# CD-ROM/DVD Disk drive will not work on my Packard Bell Easynote Laptop MX-37-S-200‏



## PleaseHelpp (Feb 20, 2011)

*CD-ROM/DVD Disk drive will not work on my Packard Bell Easynote Laptop MX-37-S-200‏*

:4-dontkno I'm having a problem with my CD-ROM/DVD Disk drive on my Packard Bell, Easynote Laptop MX-37-S-200, My laptop cannot recognise it at all as it is not displaying as a drive or is it present in device manager, 

when I insert a disc it tries to load but my media player will not respond to it at all, I have tried the registry fix for it ie. deleting lower filters etc, it may also be a driver issue, do you know of an appropriate driver for my Disk Drive spec?

I have exhausted many approaches to dealing with this problem, can you please help it would be much appreciated and thanks for you're time.

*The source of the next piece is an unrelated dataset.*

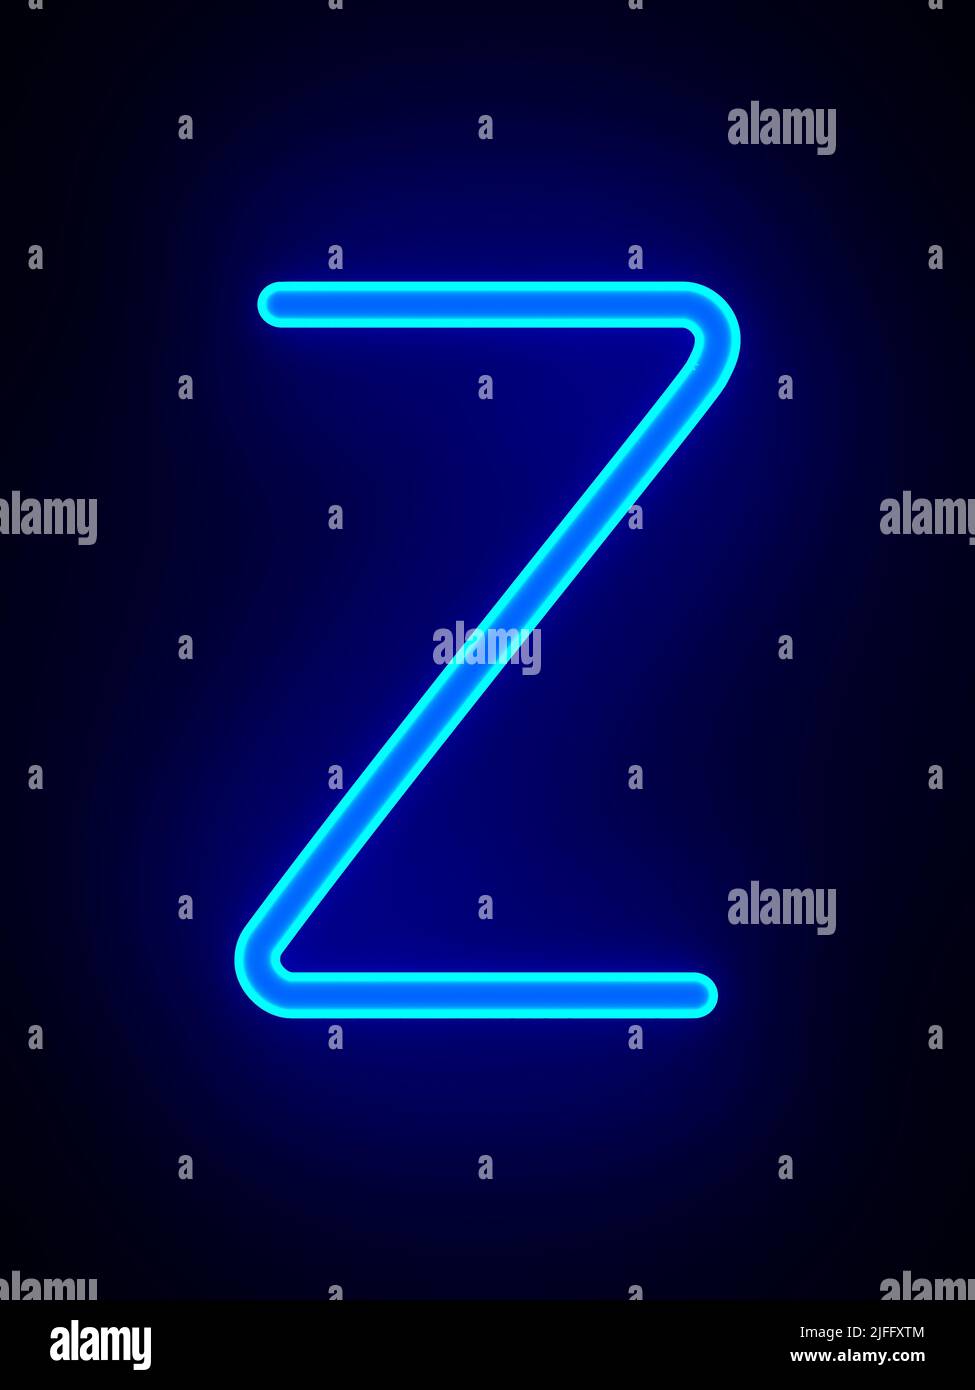 Character Z on dark background. 3D illustration Stock Photo

I feel my disk drive disappeared durning a Vista update


----------



## joeten (Dec 4, 2008)

Hi check it is recognised in the bios


----------



## spunk.funk (May 13, 2010)

Try this: Your CD drive or DVD drive is missing or is not recognized by Windows or other programs your drive may have failed also. check in Setup (Bios) if it is being recognized.


----------



## PleaseHelpp (Feb 20, 2011)

Thanks Spunk.funk & Joeten, I checked Bios during boot process and my cd/dvd rom drive is showing as my Huawei Usb Modem. I have a 3g dongle which has taken the location of where my cd/dvd drive should be. Before a vista update I could play dvds and use internet. I've had the dongle for over a year in the same Usb port and never had this problem before. Thank you again for your time and any suggestions would be greatly appreciated.


----------



## joeten (Dec 4, 2008)

Hi did you try the suggestion in post 3


----------



## spunk.funk (May 13, 2010)

PleaseHelpp said:


> my cd/dvd rom drive is showing as my Huawei Usb Modem. I have a 3g dongle which has taken the location of where my cd/dvd drive should be.


Are you saying that your CD Rom drive is a USB CD Drive, and now it is unplugged and been replaced by a 3G dongle???


----------